Measurements confirm that the memory-mapped approach reduces memory usage from 85-87 GB to just 4 GB, significantly reducing resource requirements. The results show that the overhead during the fine-tuning proof is minimal, with values ​​below 1.35% for all tested models (Llama-3.1-8B, Gemma-3-4B, and Phi-4-Mini). The team logged a total of 268.81 minutes to fine-tune Llama-3.1-8B using the in-memory approach, which increased slightly to 269.15 minutes using the memory-mapped version. Evaluation evidence using the MMLU benchmark shows an overhead of 3.81 to 5.06% for the in-memory case, while an overhead of 10.03 to 11.84% for the memory-mapped case. Tests demonstrate that the measurement overhead for single-prompted inference proofs is quite large, reaching 64.34% on Llama-3.1-8B, but the proof overhead is consistent. However, when applied to inference sessions where authentication is performed only after every interaction, the measured overhead drops dramatically to 11.03% for Llama-3.1-8B, 3.57% for Gemma-3-4B, and 6.28% for Phi-4-Mini, highlighting the adaptability and efficiency of the framework in realistic scenarios.

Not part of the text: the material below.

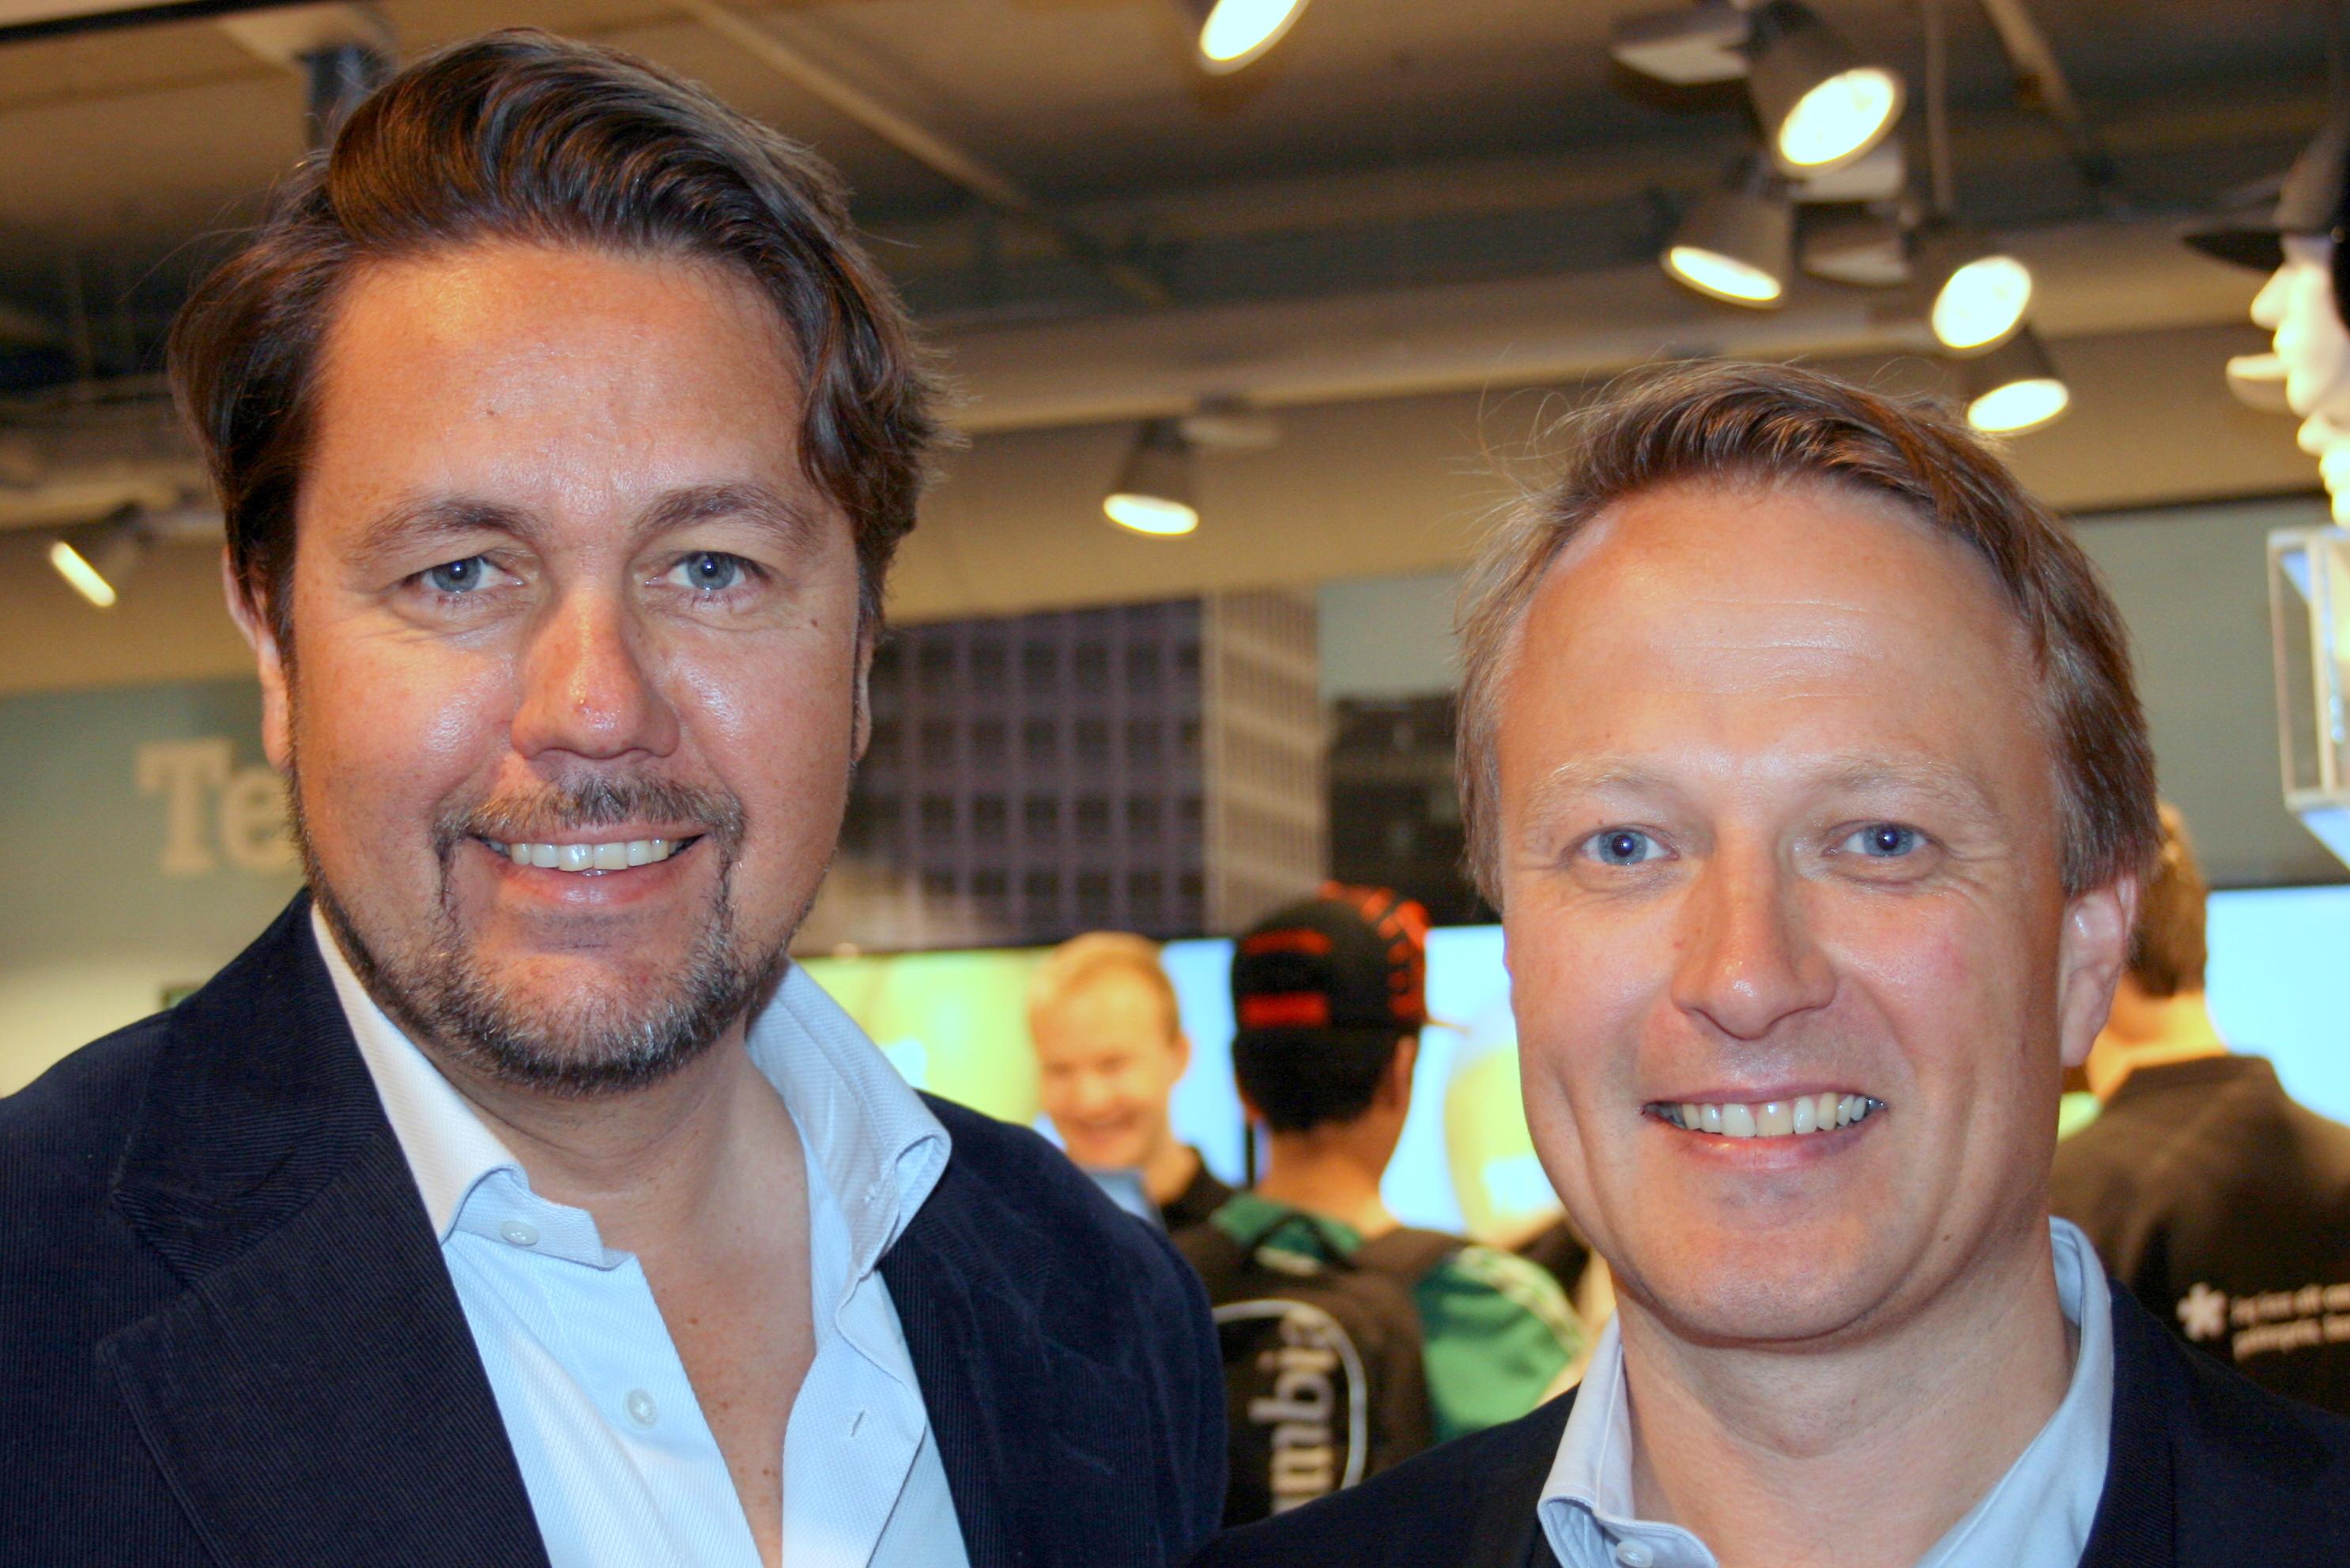 Tele2-sjef Arild Hustad og Tele2 Privat-sjef Jon Ivar Bjørtomt er fornøyde med responsen på åpingstilbudene.Foto: Mobilen.no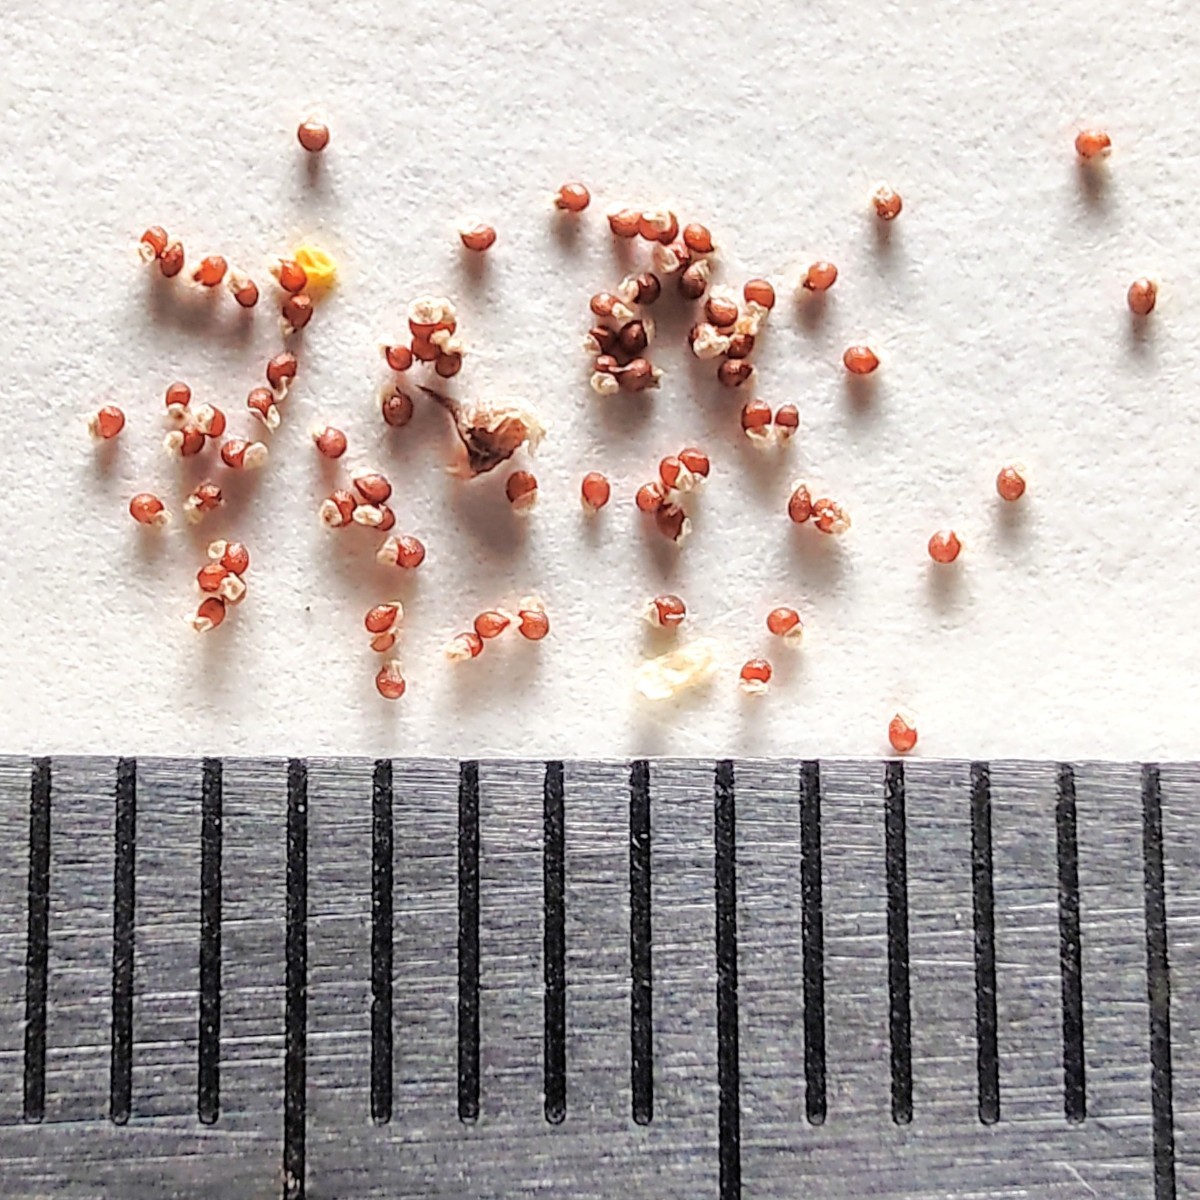 【自家採種“種子”/50粒】Strombocactus disciformis (SB 174)/ストロンボカクタス 菊水//サボテン/多肉植物/フィールドナンバー付_お送りする種子のイメージ

PAL\*M verifies the training integrity of large models in a comprehensive manner

This system addresses a critical gap in current approaches that struggle to cope with the scale and complexity of these models and their associated datasets. PAL*M establishes a method for validating properties through both training and inference stages, ensuring accountability and compliance with new regulations. Importantly, PAL*M employs incremental multiset hashing on memory-mapped datasets, which eliminates the need for the entire dataset to reside in main memory and enables efficient tracking of data integrity. They also suggest that future research may consider applying PAL*M to other types of generative models beyond large-scale language models, expanding its potential impact. This effort represents an important step toward building trusted and accountable AI systems, providing a robust mechanism to verify the integrity of both data and models used in critical applications.